* _TASK GOAL_
Below are some records. Return exactly their lines from the one containing "NikeCourt Flare Nike News" through the one containing "business proposal presentation", and drop the pictures.

* _SOURCE RECORDS_

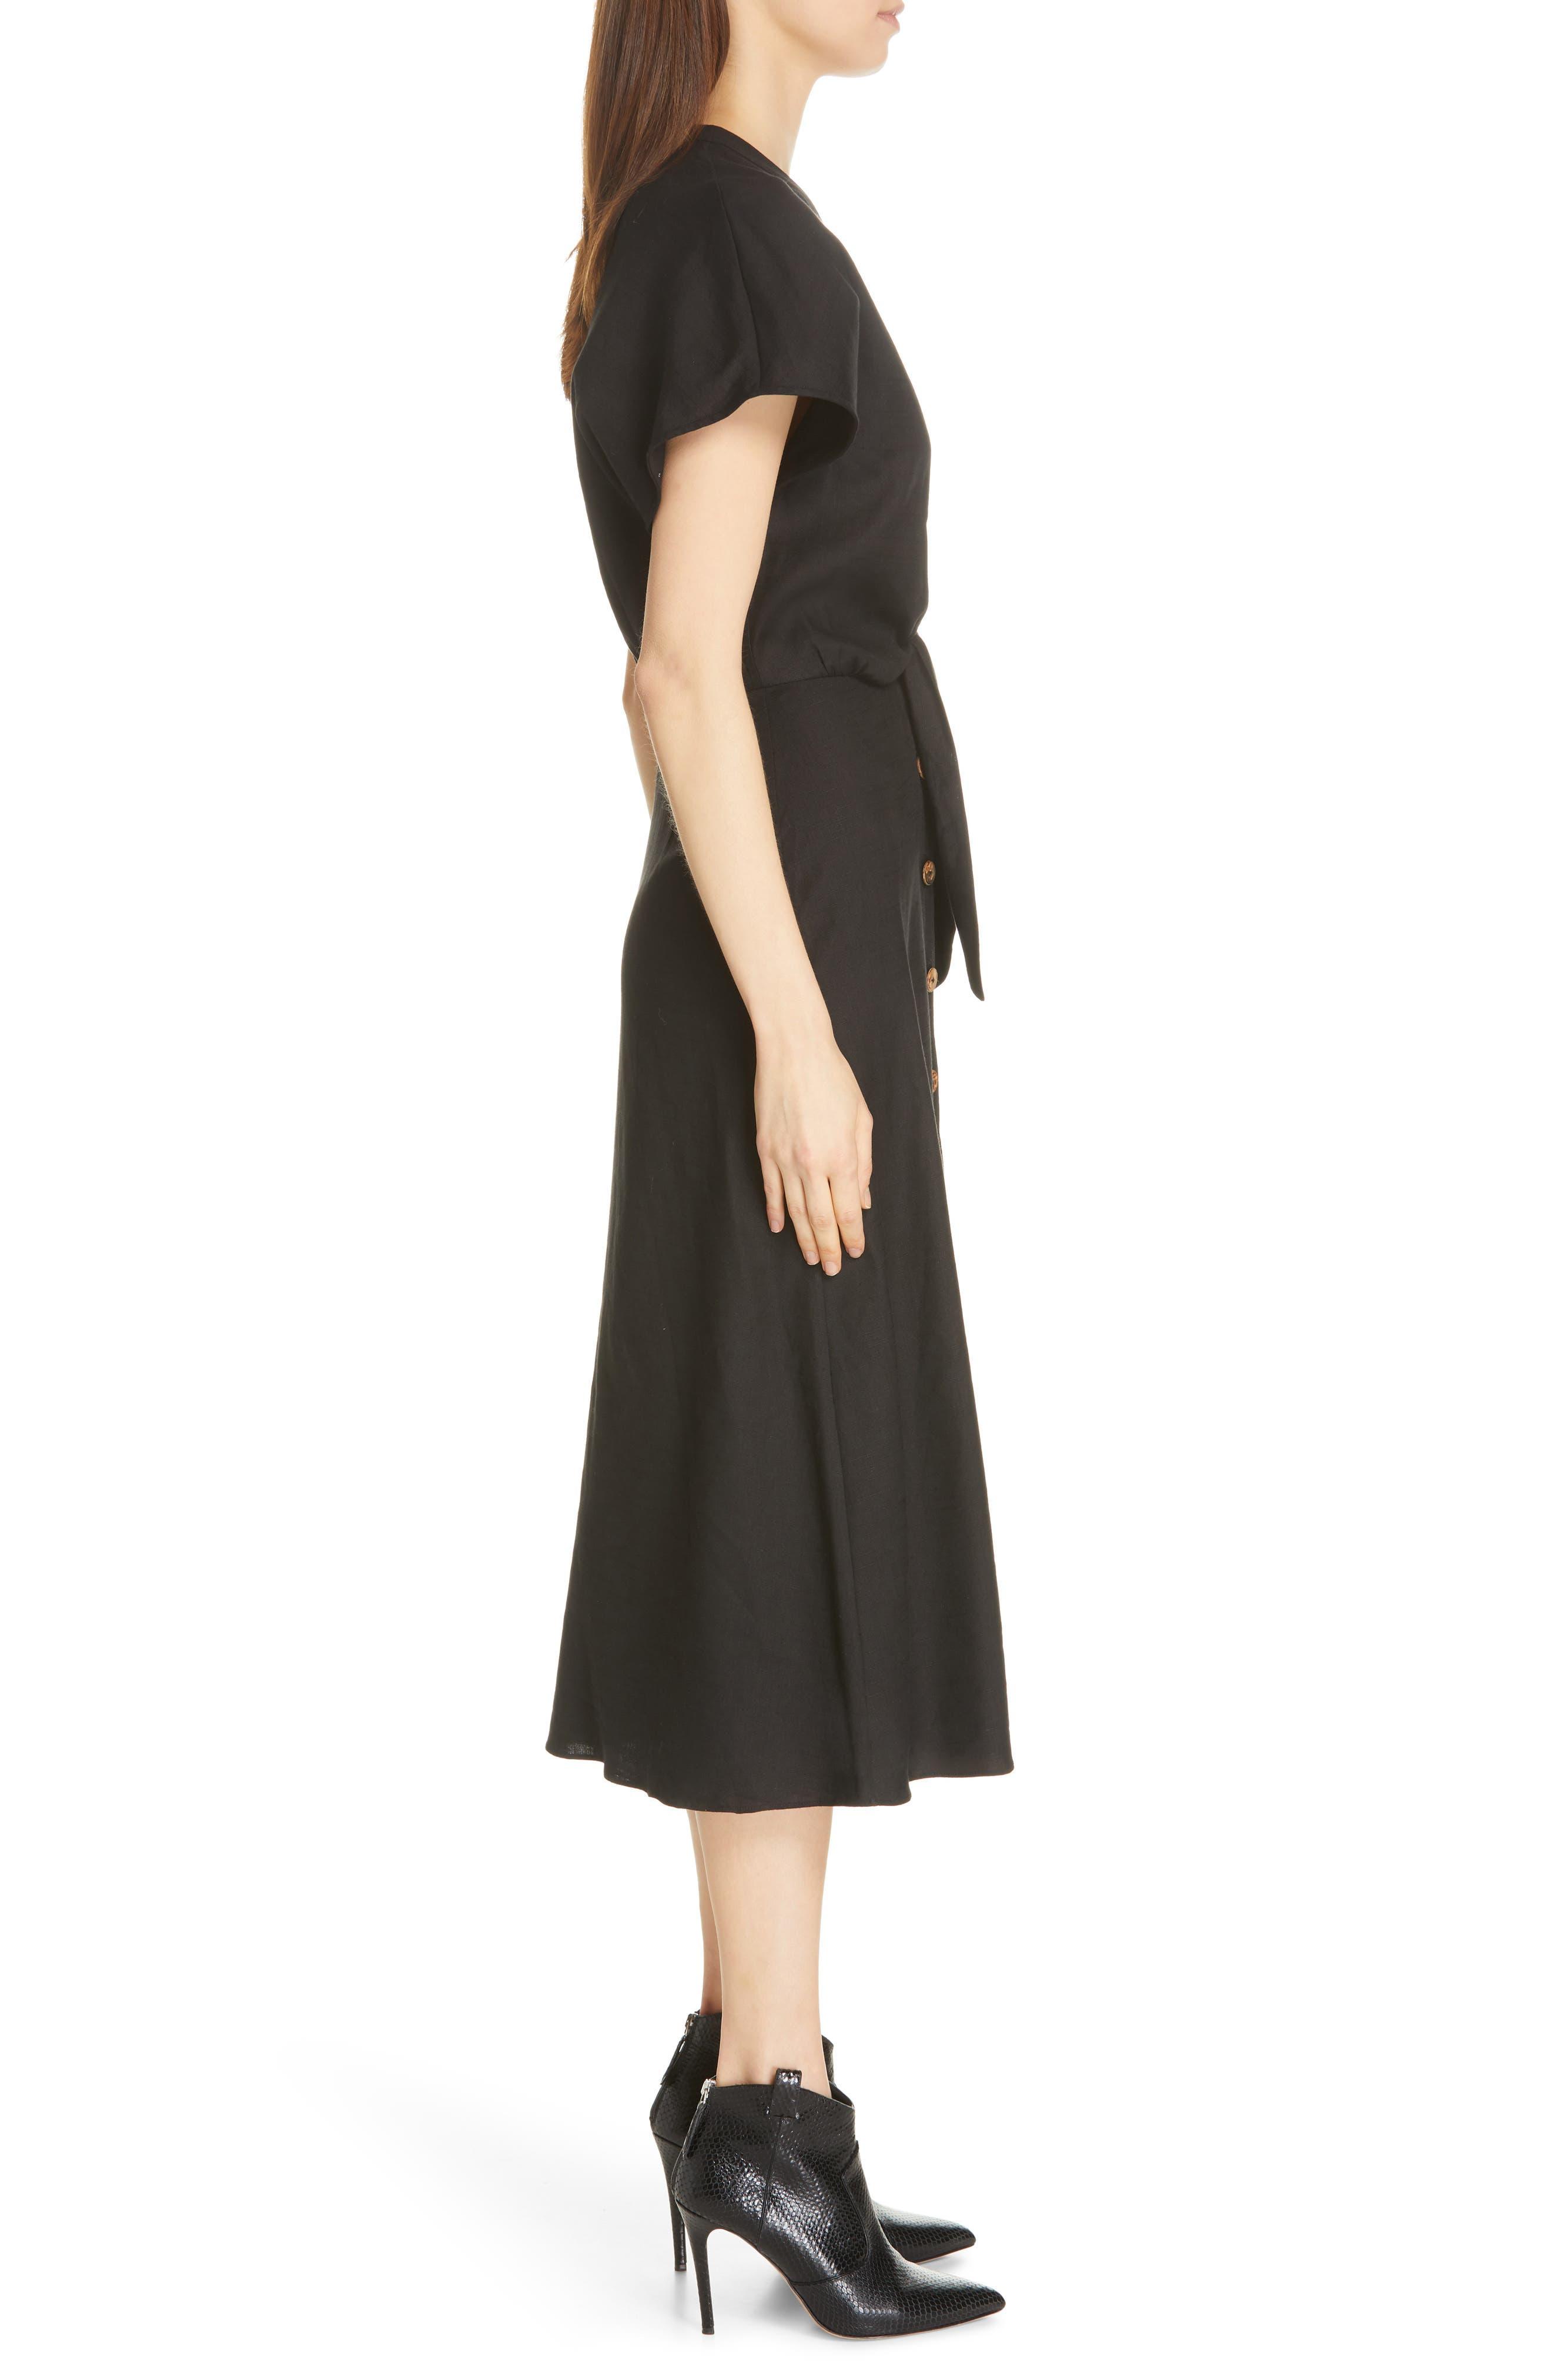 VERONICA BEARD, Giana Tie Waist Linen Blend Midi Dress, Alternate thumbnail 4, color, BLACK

==

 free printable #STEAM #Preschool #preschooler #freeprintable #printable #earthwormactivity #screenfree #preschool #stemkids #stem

==

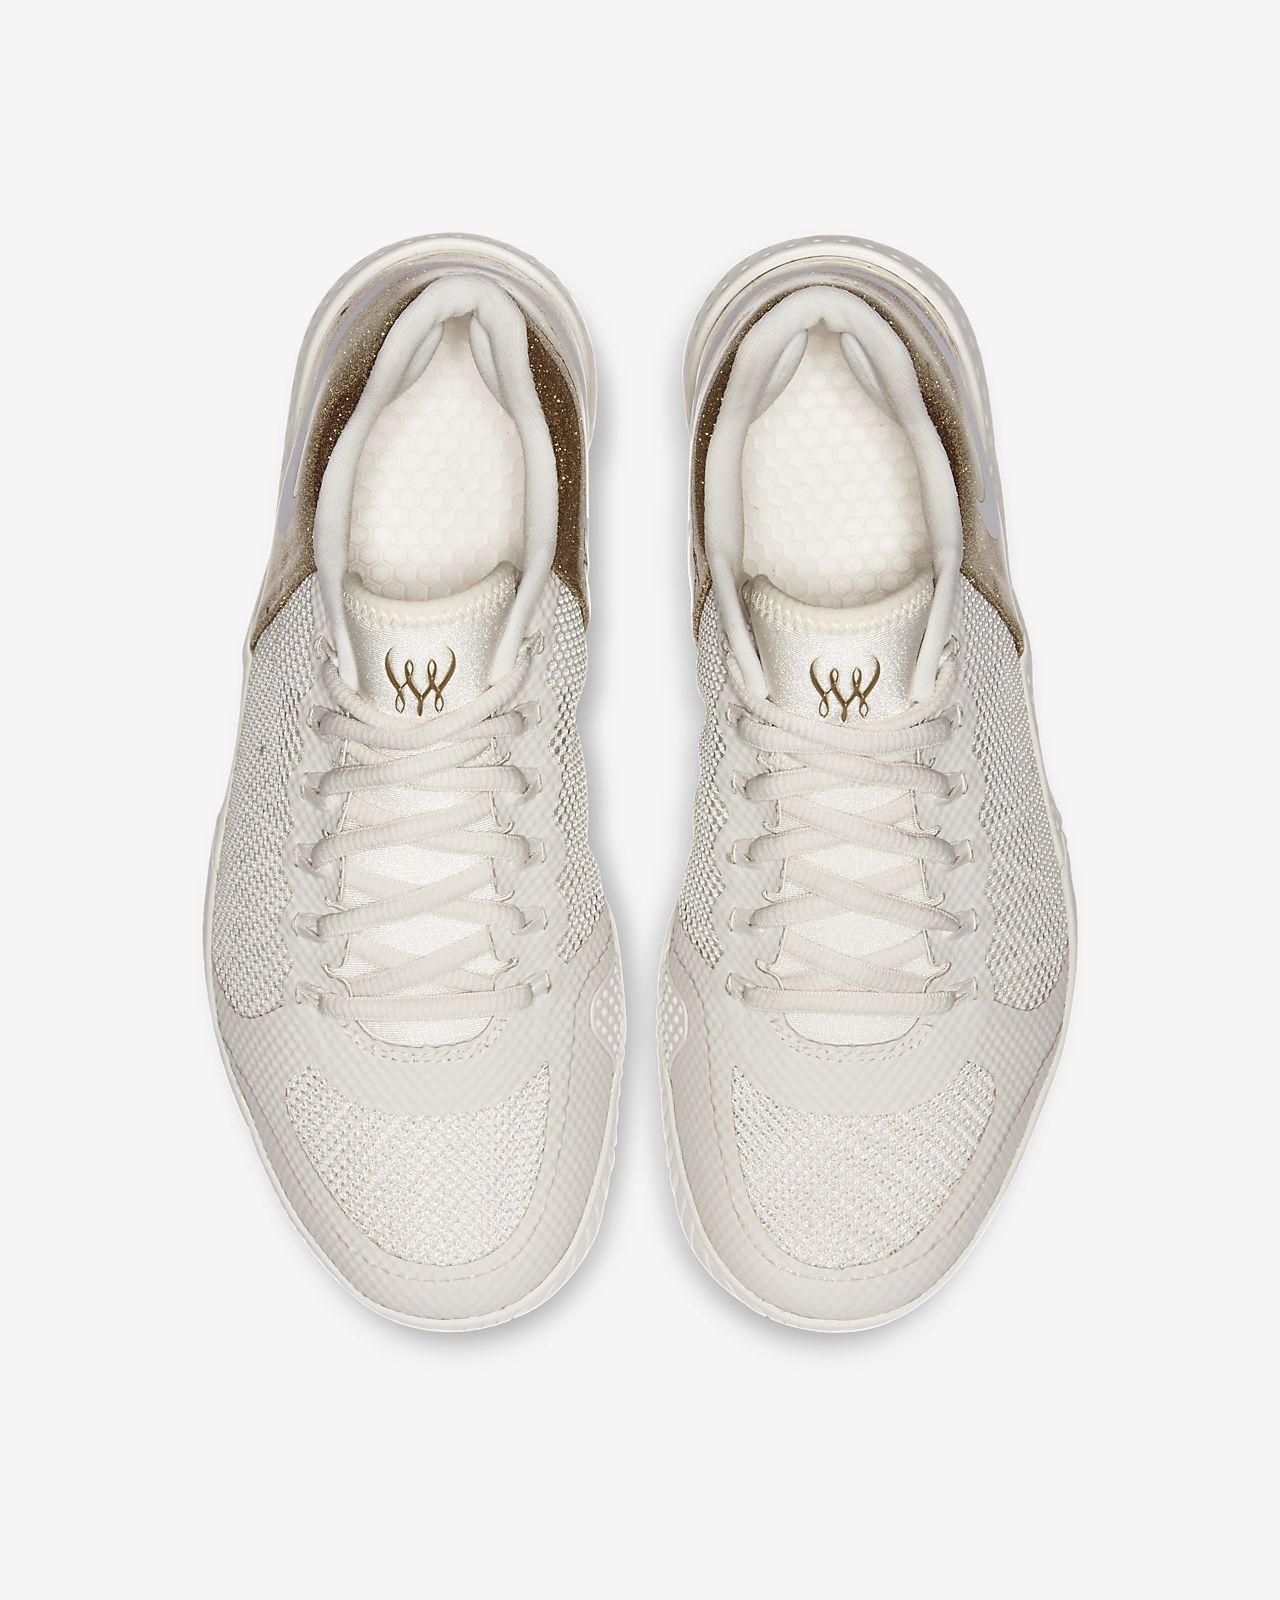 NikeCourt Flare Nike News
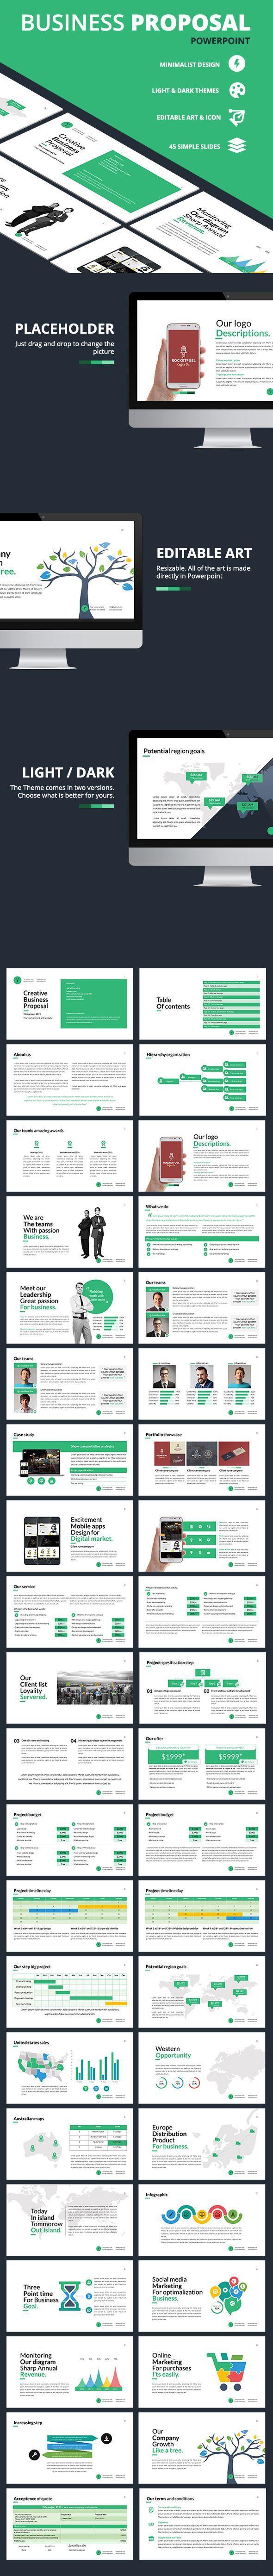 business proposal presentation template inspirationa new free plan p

* _YOUR RESPONSE_
 NikeCourt Flare Nike News
 business proposal presentation template inspirationa new free plan p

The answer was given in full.